ここに私が持っている3種の「聊斎志異」を載せます。


岩波文庫版「聊斎志異・上下」



第三書館版「ザ・聊斎志異」




平凡社版「聊斎志異・上下」


作者は蒲松齢(ほしょうれい)。

中国の清の時代に書かれた怪異小説です。

全部で491篇。

読破するのはなかなか大変でしたが、何とも言えない達成感があったことを今でも記憶しております。

怪異小説ですから、当然現実の話しではありません。

しかし、これが現代まで読み次がれ、今もなお多くの人々を魅了しているのはやはり、不思議な物に対して人間が持つある種の憧れ、怪異と現実の狭間を体験してみたいという願望が誰にでもあるからではないでしょうか?


この「聊斎志異」の中に「白秋練」という一篇があるのですが、これはバイジーが美しい女性に姿を変え、若い男性と恋に落ちるという物語ですが、私はこれを読んで一つの疑問を持ちました。

実は長江流域に棲息するイルカはバイジーだけではなく、ネズミイルカ科のスナメリも棲息しています。(現在、バイジーは絶滅し、スナメリだけになりましたが、年々数が少なくなっています。)
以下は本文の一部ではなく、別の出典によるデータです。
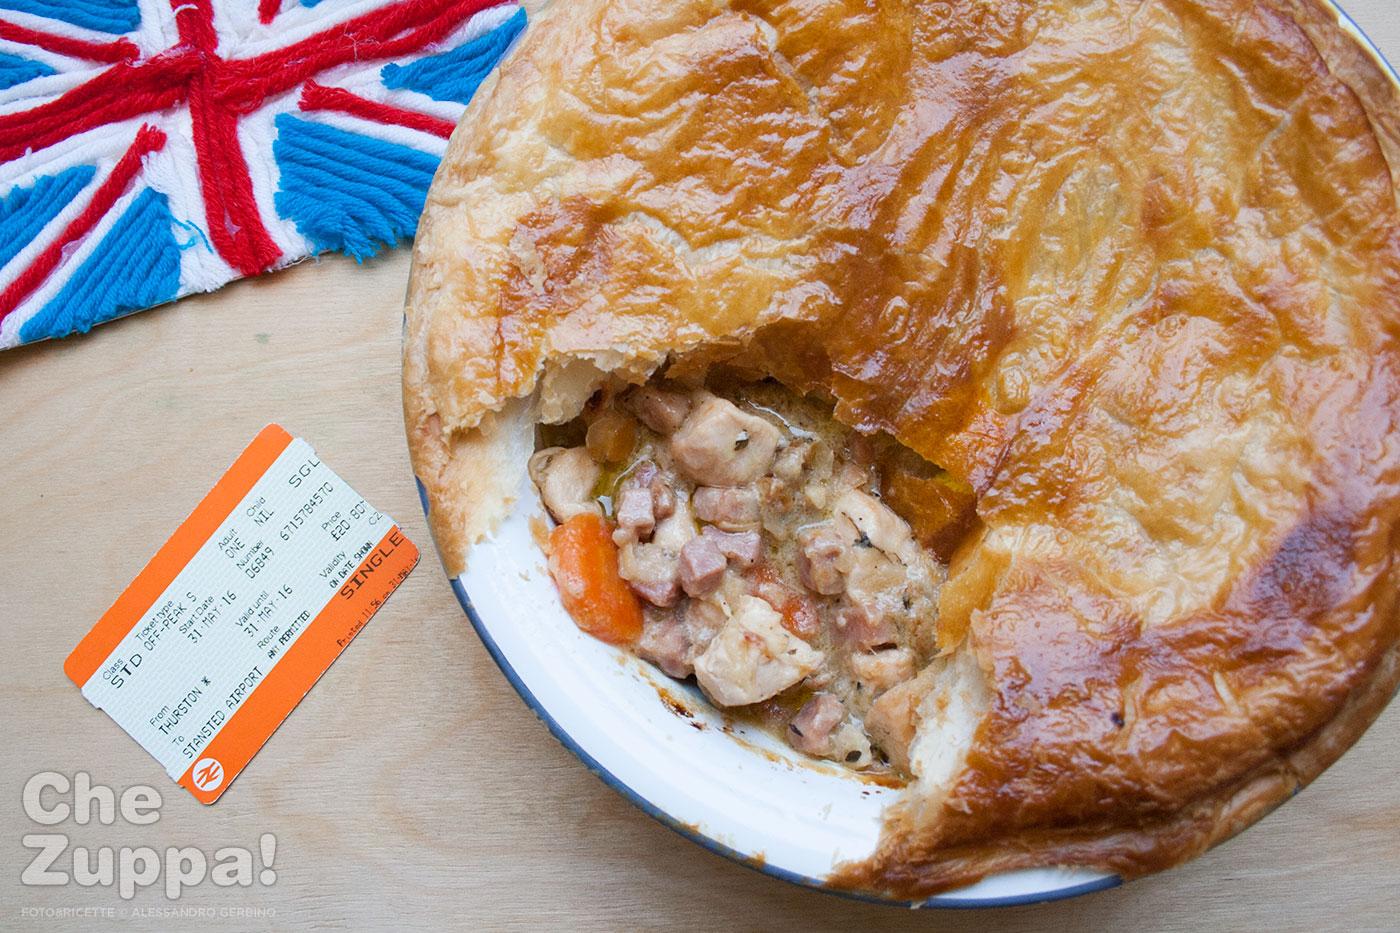 Cucina inglese Archivi | Chezuppa!Chezuppa!

アジア一帯の浅い海に広く分布し、日本近海でも見られます。

このスナメリに関しては、このような物語を私は知りません。

かつてはバイジーとスナメリが仲良く一緒に暮らしていたそうですが、バイジーだけが「長江の女神」とか「平和と幸福の象徴」と崇められ、スナメリの方はそのような言われ方をされていないのはどのような理由からなのでしょうか?

川だけに棲み、大海原にはいないバイジーに対して、昔の人々は何かしら哀愁のような感情を抱いていたのか…


そんなことを考え、何年かぶりに「聊斎志異」を引っ張り出した次第です。